A credit card is a powerful tool. It can offer you convenience and ease. In our world these days, many things just aren’t possible without one – buying online or renting a car, for example. They are a great tool, but they can get you in a lot of trouble if you don’t use them responsibly. They can quickly get out of control and cause you problems. They have high interest rates which can add up and bury you in debt. In the majority of personal bankruptcies, credit cards have played a major role. Here are 7 tips you can use to avoid getting in trouble with your credit cards:
Don’t follow their payment rules. Credit cards companies have minimum payments. If you only pay the minimum payments, you will be paying forever. It would take you 44 years to pay off a $4,500 balance using just the minimum payment each month. The minimum payment allows the interest to build up very quickly, too. That same $4,500 balance on a typical card would build up $17,000 in interest by the time you pay it off. That isn’t good. Pay as much as you can afford everything month. Hopefully, that will mean much more than just the minimum payment.
Be careful of fees. Banks and credit card companies make millions of dollars every year by charging their customers fees for everything they do. Some of the fees are obvious – late payments, getting a new card, ordering another statement for your account. Those fees are obvious and you probably already avoid them whenever you can. More important, though, are the fees that you probably aren’t aware of. Some cards have a fee for balance transfers or even fees for talking to a real customer service agent instead of a computer. There might even be inactivity fees if you don’t use your card for a few months. Look over your agreement to understand what fees are associated with your card and do all that you can to avoid them.
Stop when you are in trouble. If you can’t afford to pay your minimum payment and your problems look like they are going to continue into the future, don’t keep using your card. Building up higher balances isn’t going to help anything. It is just going to cause troubles. Stop spending, look at your situation, devise a plan to get out of trouble and stick to it. Once you have everything sorted out and your finances are back under control you can start using your cards again.
Talk to your lenders. If you think your interest rate is too high or your annual fee is too much, talk to your lender. If you have a good history with the company, they will often lower your interest rate on your credit card or lower or waive the annual fee just because you asked. They certainly won’t do it on their own, though, so you have to talk to them. It is a lot cheaper for them to give you a break in order to keep you than it is for them to find a new customer. Take advantage of this and reap the financial benefits.
Understand your credit report.
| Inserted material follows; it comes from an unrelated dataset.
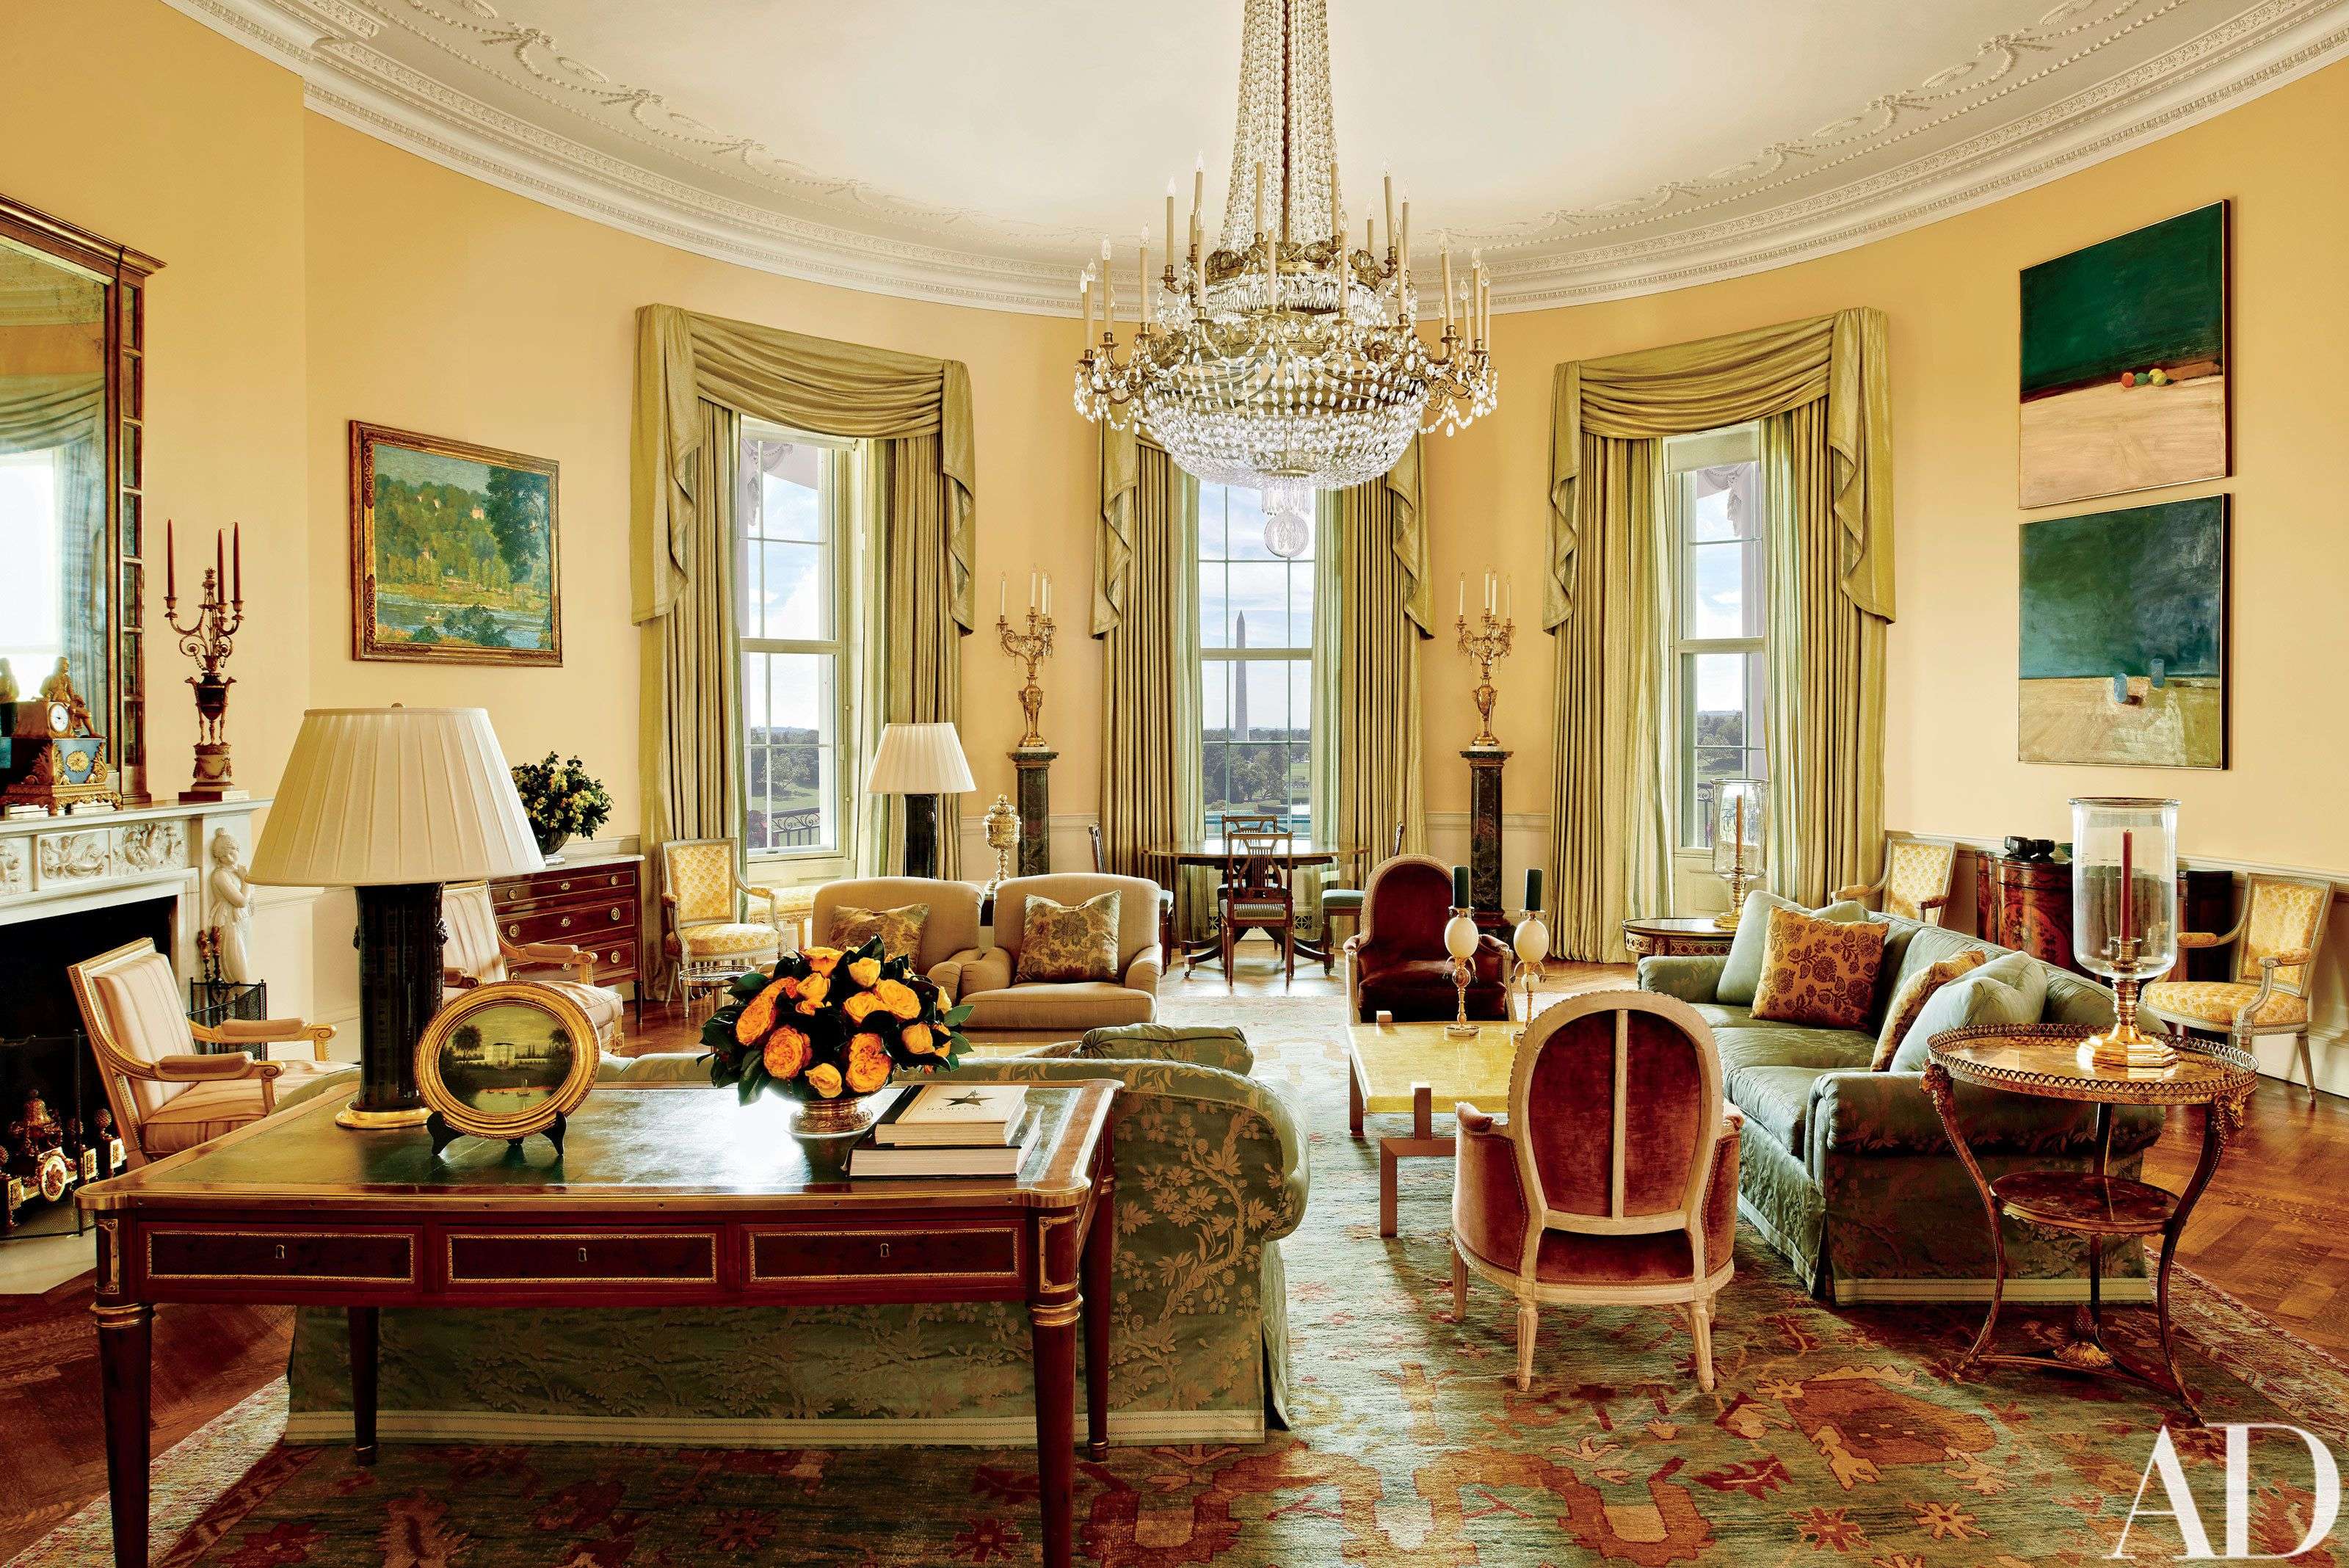 This image provided by Architectural Digest shows the Yellow Oval Room in the White House. Designer Michael S. Smith specified a Donald Kaufman paint for the Yellow Oval Room. Artworks by Paul Cézanne and Daniel Garber flank the mantel. Smith mellowed the Yellow Oval Room with smoky browns, greens, golds, and blues. The 1978 Camp David peace accords were signed at the antique Denis-Louis Ancellet desk, front left. (Michael Mundy/Architectural Digest via AP)

Your credit report is what lenders use to decide if you can get a loan or credit card and to determine the interest rate you will be paying. You can have access to your credit report and you can improve your own credit score. There are tips on this site on how to do that. Doing work on your credit score can lower your interest rates and save you hundreds of dollars over the course of the year.
Don’t go overboard. Some people have a whole wallet full of cards. You don’t need them. If you have them you might be tempted to use them and get yourself into financial troubles. Slim down your cards to just a few that you will have in case of emergency or regular use. Keep the debt under control and you will stay in control.
Free stuff is good stuff. As long as the interest rates between different cards are about the same, you might as well use the one that has the best bonus system. Shop around for the rewards plan that will add up the quickest and can be used for things you actually use. If you are going to be spending anyway, you might as well get as much as you can for it.